За работой он никогда не отличался разговорчивостью, потому я удивился, что он как будто обрадовался мне.
– Даже в эти дни, - отвечал он, - люди, которые пообещали что-нибудь богу, знают, что своих обетов лучше не забывать. Вот это будет приз для хорега
: Гермес, изобретающий лиру.
Он отложил пруток в сторону, взял свою рисовальную доску и уголь.
– Как бы ты стал, Алексий, чтобы натянуть струны на лиру?
– Я бы сел, как любой другой. Но бог, полагаю, может сделать как угодно.
На стене висела лира; я снял ее и, чтобы чем-то заняться, начал настраивать.
– Может, сядешь? - Он набросил одеяло на куб из паросского мрамора, чтобы не холодно было сидеть. - Если хочешь сыграть что-нибудь, это доставит мне удовольствие.
Я сыграл пару учебных мелодий, но ничего хорошего у меня не вышло слишком замерзли пальцы. Подняв взгляд, я увидел, что он вовсю орудует своим углем. Когда тебя раздевают глазами, сразу чувствуешь.
– Ну нет, в такую погоду я ни для кого не стану раздеваться, - сказал я со смехом. - Дождись своего натурщика, которому ты за это деньги платишь.
Он кашлянул и принялся заострять свой уголь.
– Сейчас с этим трудно. Неделю-другую назад я мог найти хоть полдюжины натурщиков с таким сложением, как мне нужно. Но сегодня… - Он пожал плечами. - Правильная анатомия - традиция этой мастерской. Мой отец сделал себе имя на олимпийских победителях. Мне не по нутру работать, не имея перед глазами живого тела. Но сейчас, расхаживая по улицам, ничего не сыщешь, в эти дни только развитые долгими упражнениями мускулы сохраняют форму; а когда зайдет человек благородный, так я опасаюсь предложить ему соглашение - чтобы не обидеть.

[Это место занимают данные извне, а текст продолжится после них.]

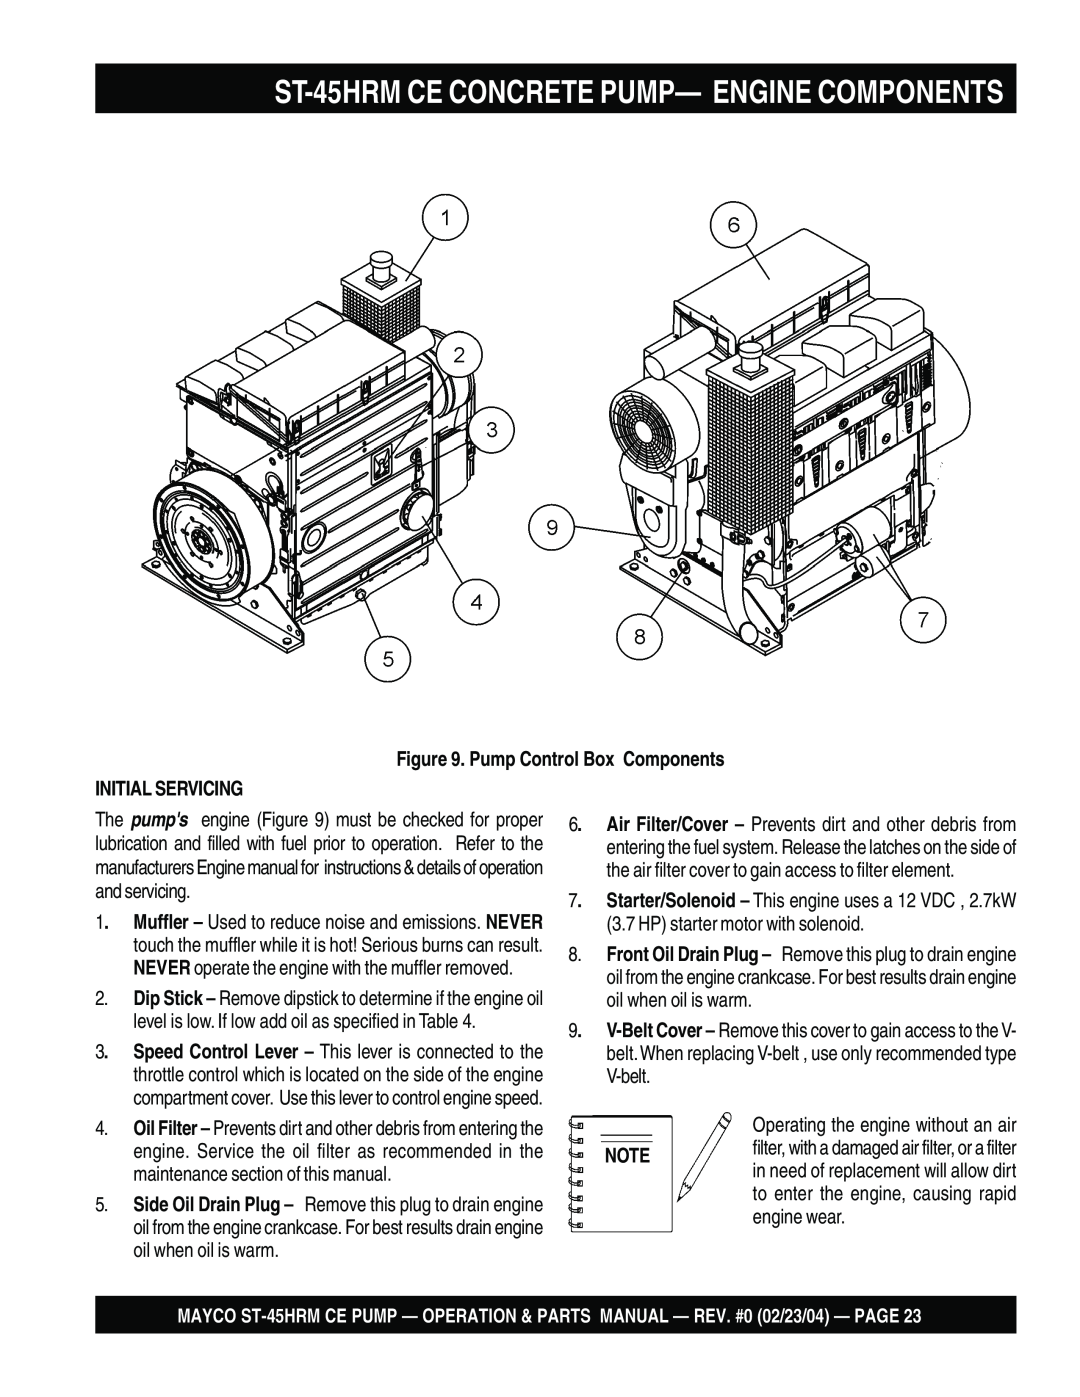 Multiquip ST-45HRM CE manual ST-45HRMCE CONCRETE PUMP— ENGINE COMPONENTS, Pump Control Box Components, Initial Servicing

Я чуть не расхохотался в голос. Думаю, дело было в том, что я обычно заходил сюда посмотреть на работу вместе с Ксенофонтом или еще кем-нибудь состоятельным. Я избавил его от опасений, стараясь не проявить, однако, слишком большой охоты.
– Самое большее, что сегодня можно предложить, - это немного гостеприимства, - сказал он.
Но это была совсем не плохая сделка: он собирался платить мне едой, которая стоила дороже денег. Это означало, что, пока длится работа, я не буду ничего брать из дома. Скоро я узнал, что каждый еще работающий скульптор поступал так же, чтобы его натурщик не худел слишком быстро.
Поликлет обошелся со мной очень хорошо. Даже внес небольшой противень с углями, чтобы согреть меня. Но в конце концов мне пришлось стоять, перенеся вес тела на одну ногу с выпяченным наружу бедром - поза эта только-только вошла в моду и была предметом всеобщего увлечения. Я стоял, держа в вытянутой руке какую-то штуковину, изображающую собой корпус лиры, а другой рукой показывал на нее; жеманная поза, как я и сейчас думаю: хоть и просто ремесленник, он был вполне благородным человеком - но не настоящим художником, как его отец.
Поза эта смотрелась со стороны легкой и непринужденной, но поддерживать ее оказалось тяжелой работой, особенно в первый день, ибо вчерашний ужин мой составлял суп из собачьего хвоста да несколько оливок. Под конец у меня возникло сосущее ощущение в желудке и перед глазами завертелась черная паутина, но тут Поликлет устроил передышку, и мне стало легче. Ужин оказался обильнее, чем у нас дома. Я думал, что улучу момент припрятать что-нибудь, но он, хоть и вел благопристойную беседу, не спускал с меня глаз.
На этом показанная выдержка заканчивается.